Call Me Popeye

“Call me Ishmael.”

No. Too much.

“Call me Popeye.”

Better.

Why? The arc of my fiction writing career, while it is not literally about whale hunting, certainly could be said to have a metaphoric resemblance to the life of the harpoonist. Taking the famous opening line from Melville’s tale might help me to express the idea that I hope to be – like Ishmael – a survivor and one of those who regularly set out to engage fearsome behemoths in a foreign place. And–like Popeye–remain true to me. In either case – the great American novel or the great American cartoon – I find myself like those protagonists; ill-equipped and naive. I seek my fortune without truly knowing the cost of that quest.

I am what I am. That is my both my raison de’entre and my preparation. Am I unlikely? Am I preposterous? Am I nuts? Am I a long-shot in flannel pajamas? You bet yer plaid arse I am.

First, I suppose I need to support the idea that what I do qualifies as a career. I admit, with Alford guilt, that career might be at best an overstatement; at worst an inaccuracy. I have been writing and submitting short stories (and one sci-fi novella) to literary magazines and contests for approximately two years. In that time I have submitted about 183 stories. Most have been fictional short stories, a lesser number were flash fictions of less than one thousand words. I have also pitched – with little finesse and even poorer prospects of success – a collection of short stories to a handful of publishers.

In 2015, I submitted two short fictions; in 2016, 106; and in 2017, 75, so far. I have had 37 acceptances. My happy tally includes 28 individual, distinct stories and nine reprints. I have a few contest notables (“W’s” in my book, if not theirs) and several sincere, encouraging rejections asking for additional submissions. (A tie, in sports parlance?)

Nine unpublished stories are currently outstanding, awaiting a decision from editors. Two more unpublished stories await their next assignment – they have each been rejected a few times and will be sent over the top again, soon. I have a handful of work-in-progress and at least one red-hot concept that I wake up to each morning.
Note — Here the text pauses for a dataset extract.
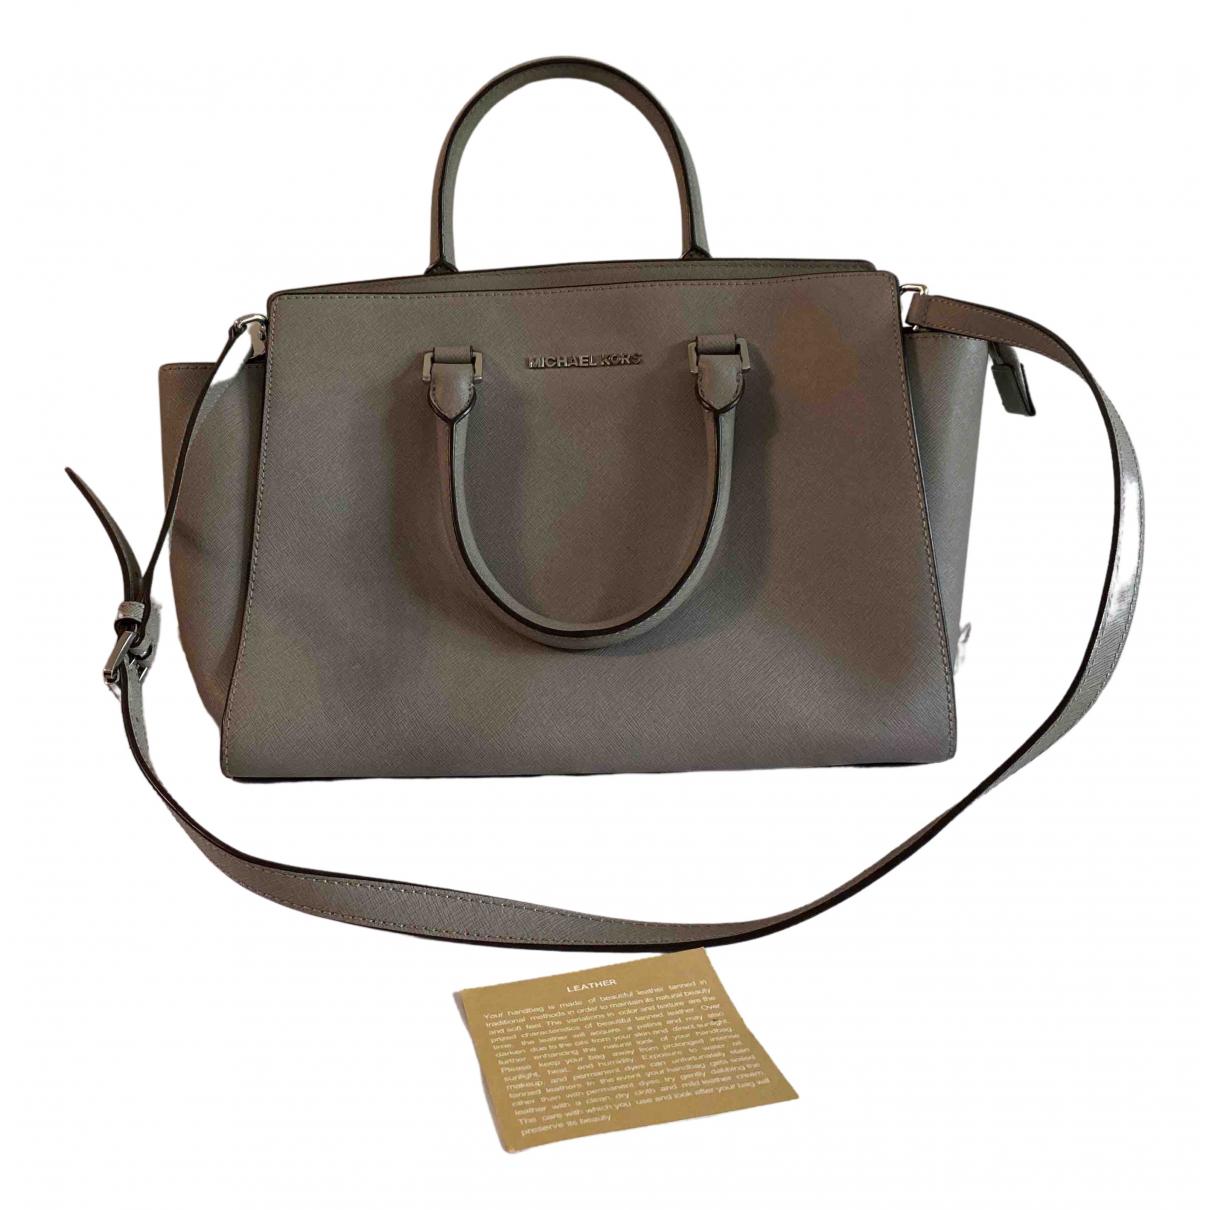 Michael Kors Selma Grey Leather handbag for Women N

My last point on the career question is negative: How can it be a career when I lose money – not a lot, but enough to piss me off – each year?

State of the Union

Although I won’t get the standing ovations that U.S. Presidents receive when they deliver their summary reports, neither do I hand out plum jobs or government largesse. My self-assessment is as follows (please hold your applause to the end):

  • I have had more stories accepted than I would have guessed. Duotrope tells me that statistically, I am ahead of the pack when it comes to batting average. I’m right around Ty Cobb’s lifetime BA, so, I ain’t bitchin’.
  • Getting a story READ by the big publications is still far beyond my current dan ranking (Mennodan)
  • I have remained true to my original ideas of “how I should write”
  • I’ve worked with a professional editor a few times now and I can shout from the mountaintops that this is my greatest literary revelation, to date. Editors are remarkable and help a shabby mechanic like me in a most profound way. I need an editor.
  • Writing begets writing. Blogs and twitter nonsense are consumers of time and energy, but they do pay some rent in terms of practice and trial & error. (Like this article.) Also, from a marketing perspective; social media is a necessary tool for all but the most gifted of the gifted.
  • Rejection is manageable. I can handle it. It’s no fun, but, it’s part of the deal. I dislike, however, the amount of time many publications take to respond – it seems like a kind of (mild) artist abuse. Duotrope reported 276,000+ submissions in 2016. This multitude of stories was sent to the 6,000 or so English language lit mags out there. That is 46 stories per publication, on average, so why do so many pubs take three months to respond? I know it’s more complicated than that, but it hurts to wait.
  • At this point, I have exceeded my most optimistic pre-game visualizations. I have sent out homegrown stories about average Joe’s – many of them of the work-a-day variety, quotidian Mennonites, Ukrainians, and Francophones. I scattergunned these yarns out to an editorial demographic that might be described as urban, urbain, 30-something, female valedictorians with a much-photographed cat and an MFA. And guess what? These stormtroopers of the slush pile accepted them. They published my stories!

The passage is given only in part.